Calculate the mass defect and the binding energy/nucleon of the nuclide 9/4 Be, which has a mass of 9.01218224 amu. The mass of the proton is 1.00726747 amu and the mass of the neutron is 1.00866490 amu.

I've gotten this far...

mass of proton + mass of nuetron = 2.01594137. but how do i find the mass of the electron?

Then, how do I find the number of nucleons so that I can divide DeltaE by the number of nucelons to give me the binding energy

mass electron = 9.109 x 10^-28 grams. This will be listed in your text or you can google it.
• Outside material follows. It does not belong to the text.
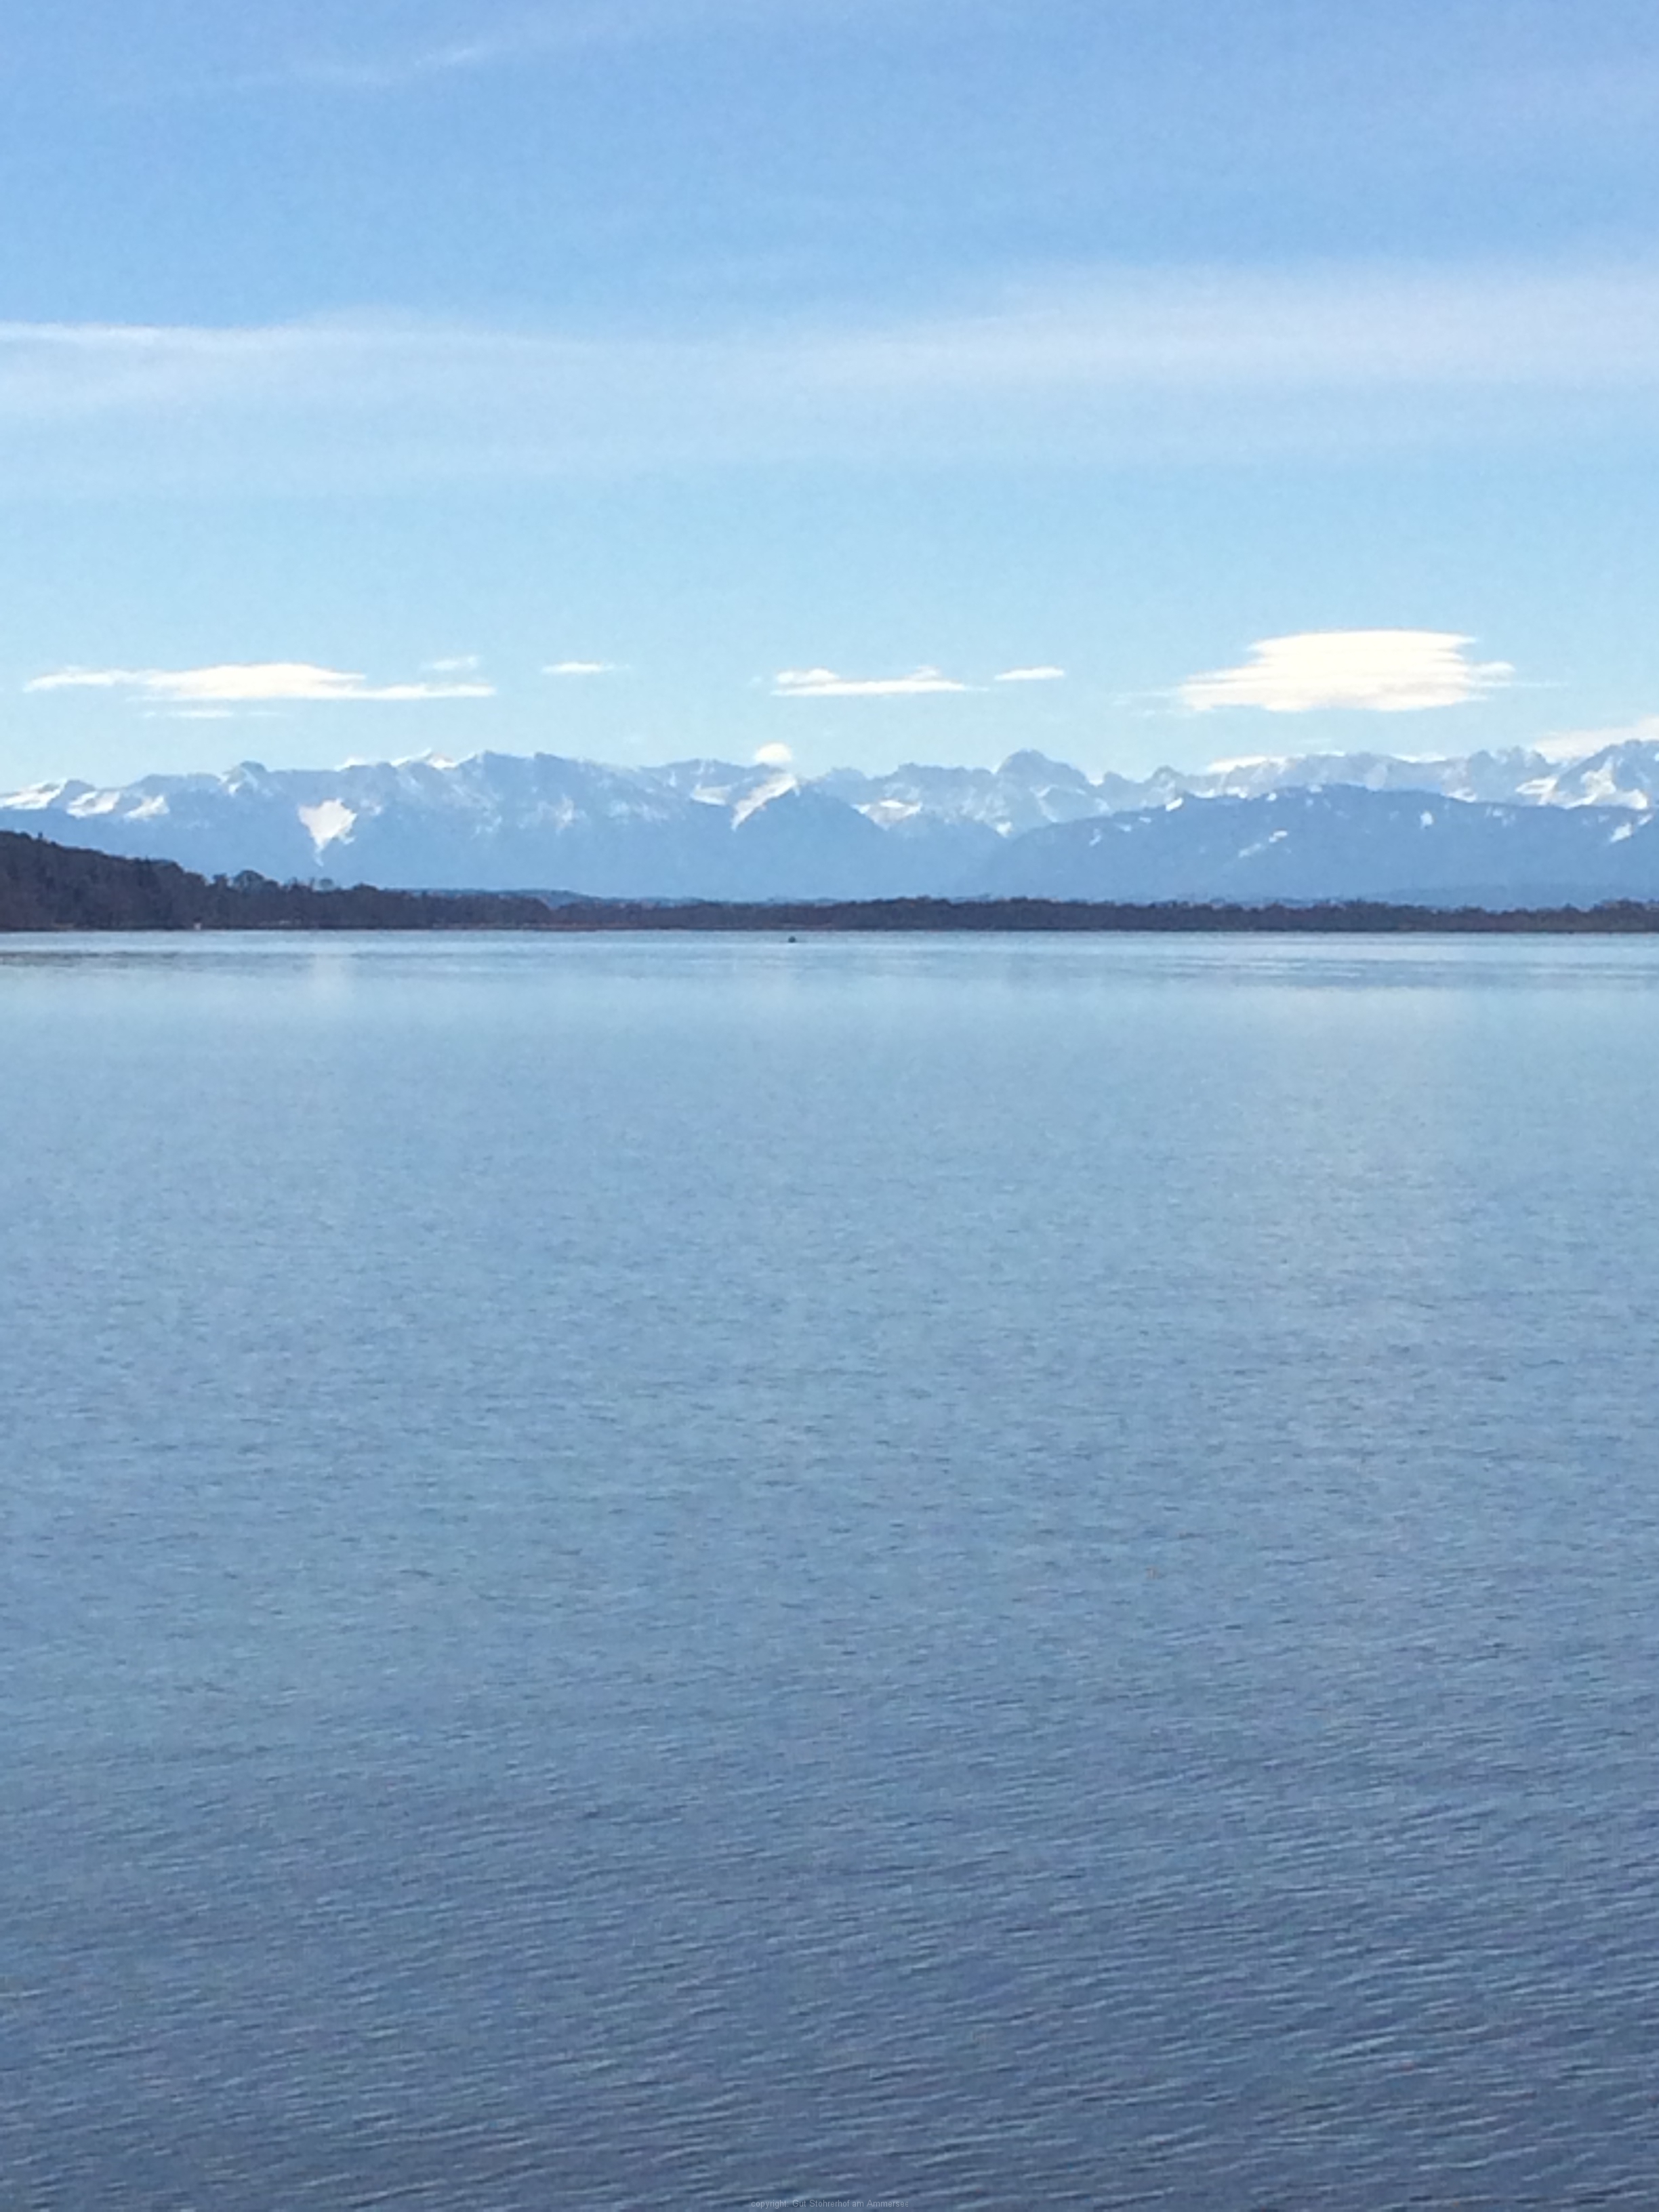 29 Ammersee & Berge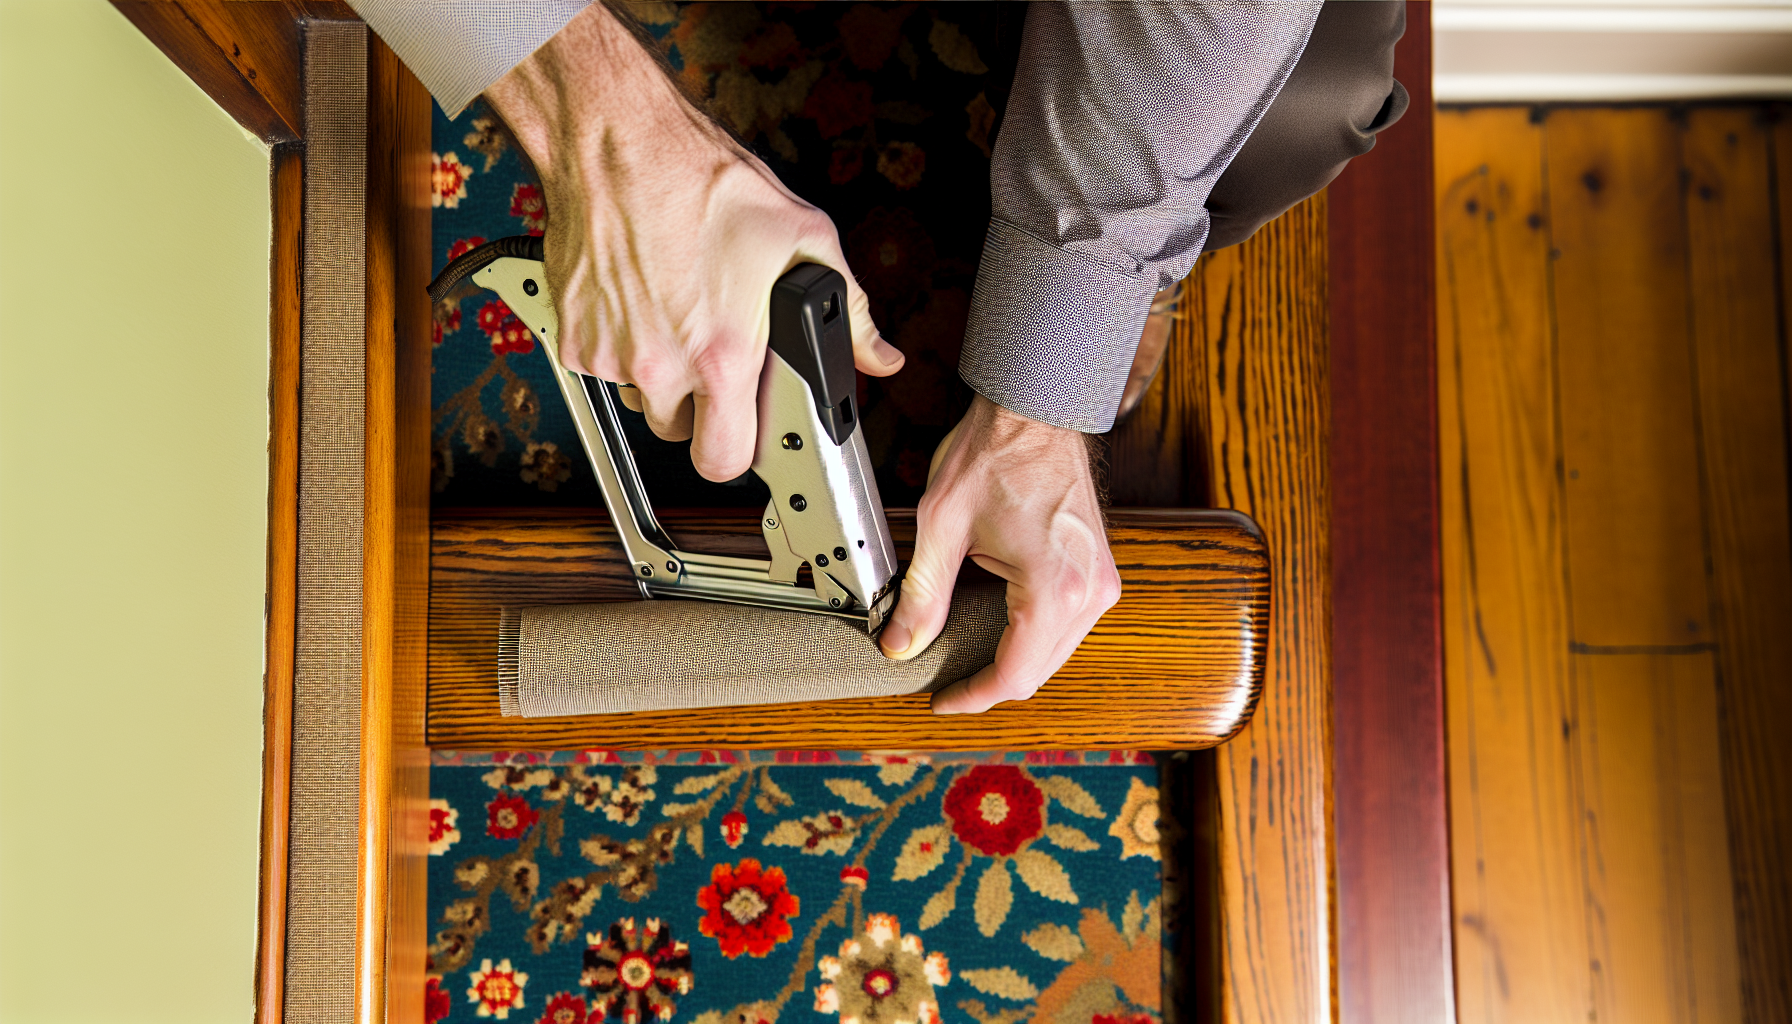 Staple gun being used to secure a stair runner

I think its 9.04 x 10 to -12 J.

To calculate the mass defect and binding energy/nucleon of a nuclide, we need to determine the mass of the nucleus and compare it with the sum of the masses of its constituent particles. Here's how you can proceed:

1. Calculate the mass of the electron:
The mass of the electron is not required for these calculations since it is much smaller compared to the masses of protons and neutrons. Therefore, we can neglect the contribution of electrons when determining the mass defect and binding energy/nucleon.

2. Calculate the number of nucleons:
The nuclide 9/4 Be has an atomic number of 4, which represents the number of protons in the nucleus. Since the nuclide is neutral, the number of protons is equal to the number of electrons. Hence, the number of nucleons (protons + neutrons) can be found using the atomic mass number "A." In this case, A = 9.

3. Calculate the mass defect:
The mass defect (Δm) is the difference between the experimental mass of the nuclide and the sum of the individual masses of its constituent particles.

Δm = (mass of protons + mass of neutrons) - mass of the nuclide

Calculate the mass defect using the provided values:
mass of protons = 4 × mass of a proton
mass of neutrons = (9 - 4) × mass of a neutron
mass of the nuclide = 9.01218224 amu

4. Calculate the binding energy/nucleon:
The binding energy (BE) is the energy required to disassemble the nucleus into its individual constituent particles. The binding energy per nucleon (BE/A) provides a measure of the stability of the nucleus.

BE/A = ΔE/N

Where:
ΔE = binding energy (in this case, it is equal to the mass defect in terms of energy using Einstein's mass-energy equivalence equation, E = mc^2)
N = number of nucleons

5. Convert the mass defect to energy:
Use Einstein's mass-energy equivalence equation, E = mc^2, to convert the mass defect to energy:

ΔE = Δm × c^2

Where:
ΔE = binding energy (in joules)
Δm = mass defect (in kilograms)
c = speed of light (approximately 3 × 10^8 m/s)

By following these steps, you should be able to calculate the mass defect and binding energy/nucleon for the given nuclide.